● **EXTRACTED MATERIAL**:
=== Section Start ===
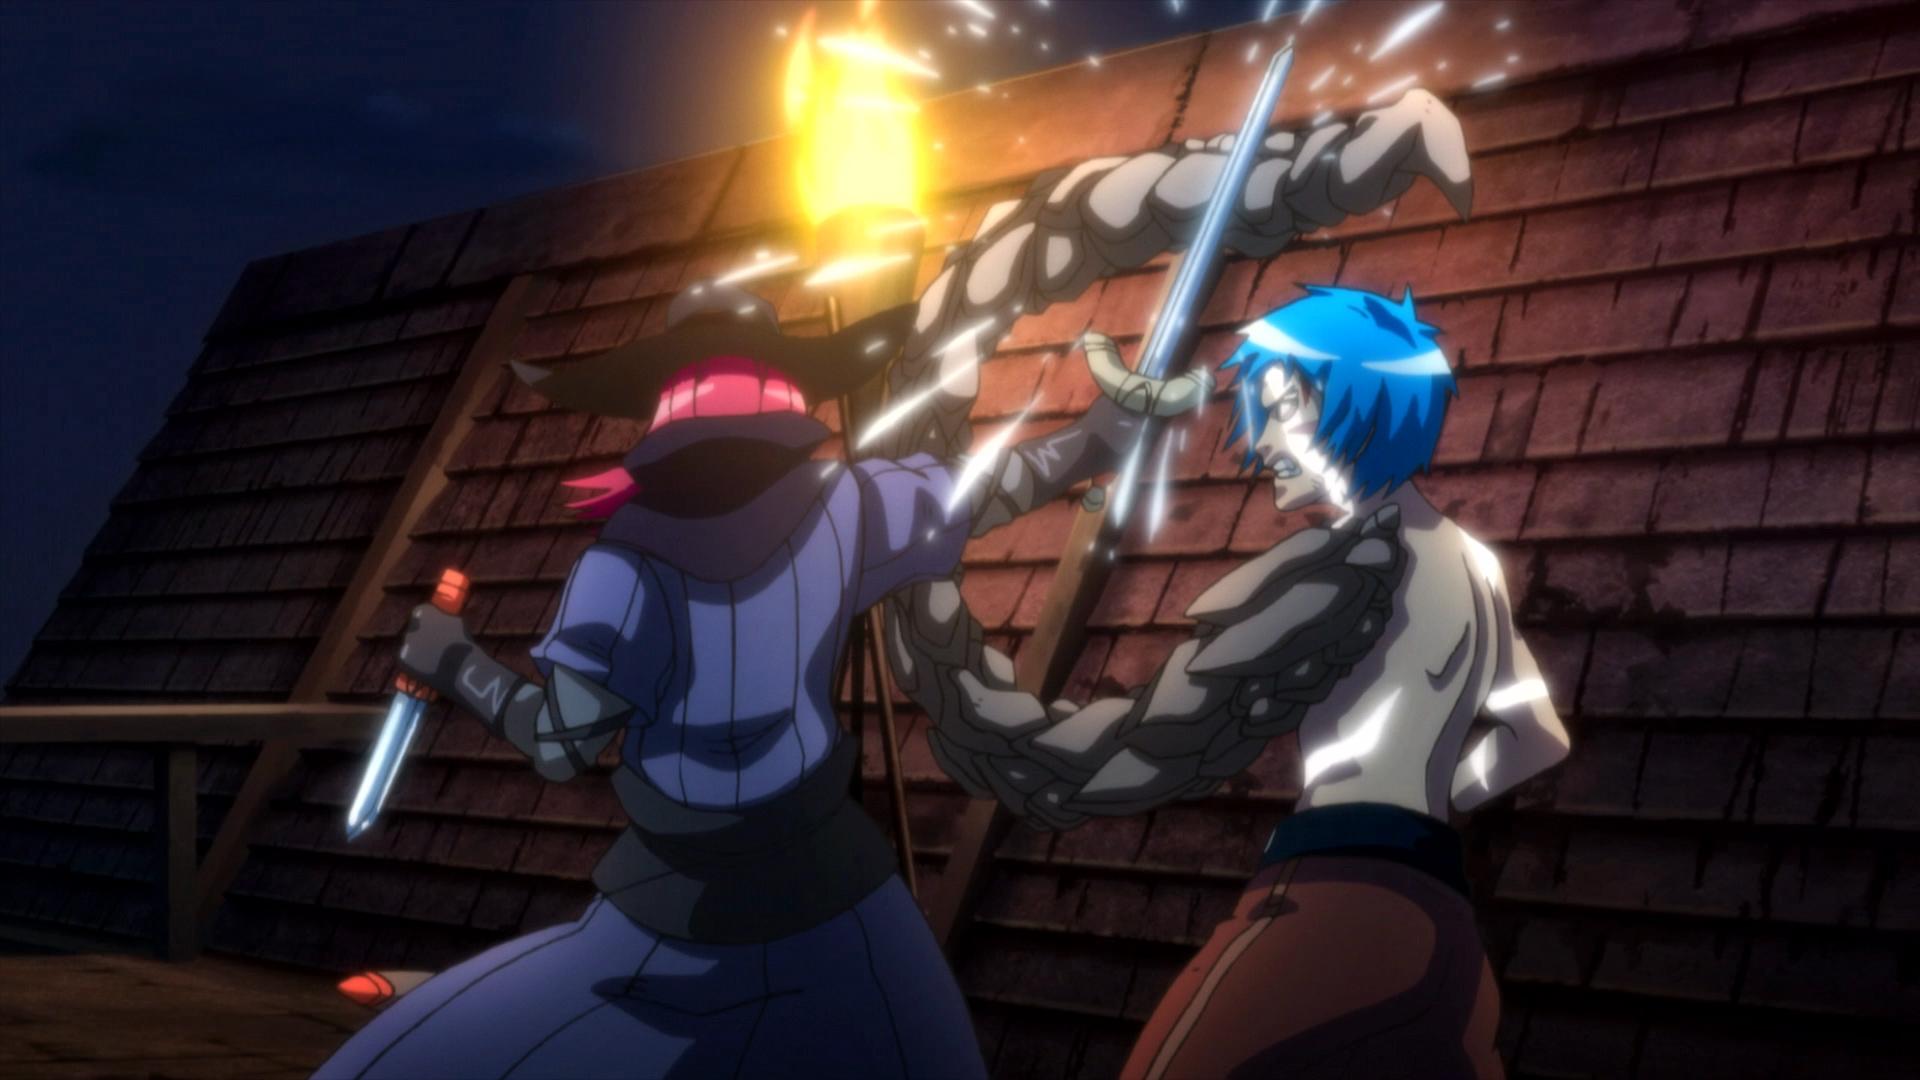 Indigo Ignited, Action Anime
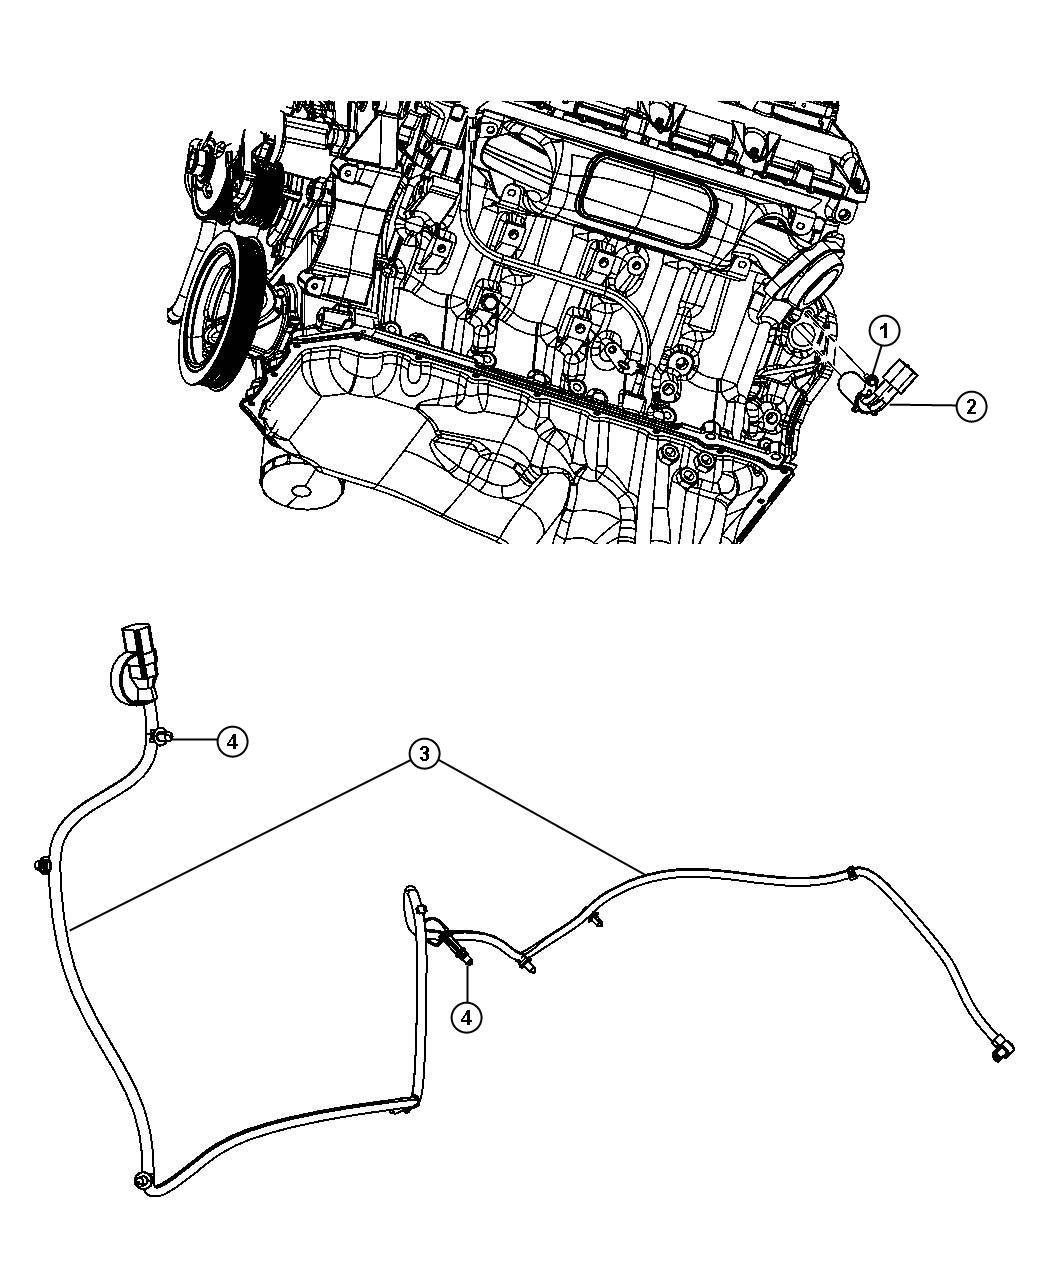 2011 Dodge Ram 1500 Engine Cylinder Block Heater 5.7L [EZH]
=== Section End ===
=== Section Start ===
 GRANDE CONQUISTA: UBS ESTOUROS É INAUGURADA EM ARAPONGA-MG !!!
=== Section End ===
● **THE PROBLEM**:
Copy word for word only the lines above from the one with "Indigo Ignited, Action Anime" through the one with "2011 Dodge Ram". Leave pictures out.

● **WRITTEN SOLUTION**:
 Indigo Ignited, Action Anime
 2011 Dodge Ram 1500 Engine Cylinder Block Heater 5.7L [EZH]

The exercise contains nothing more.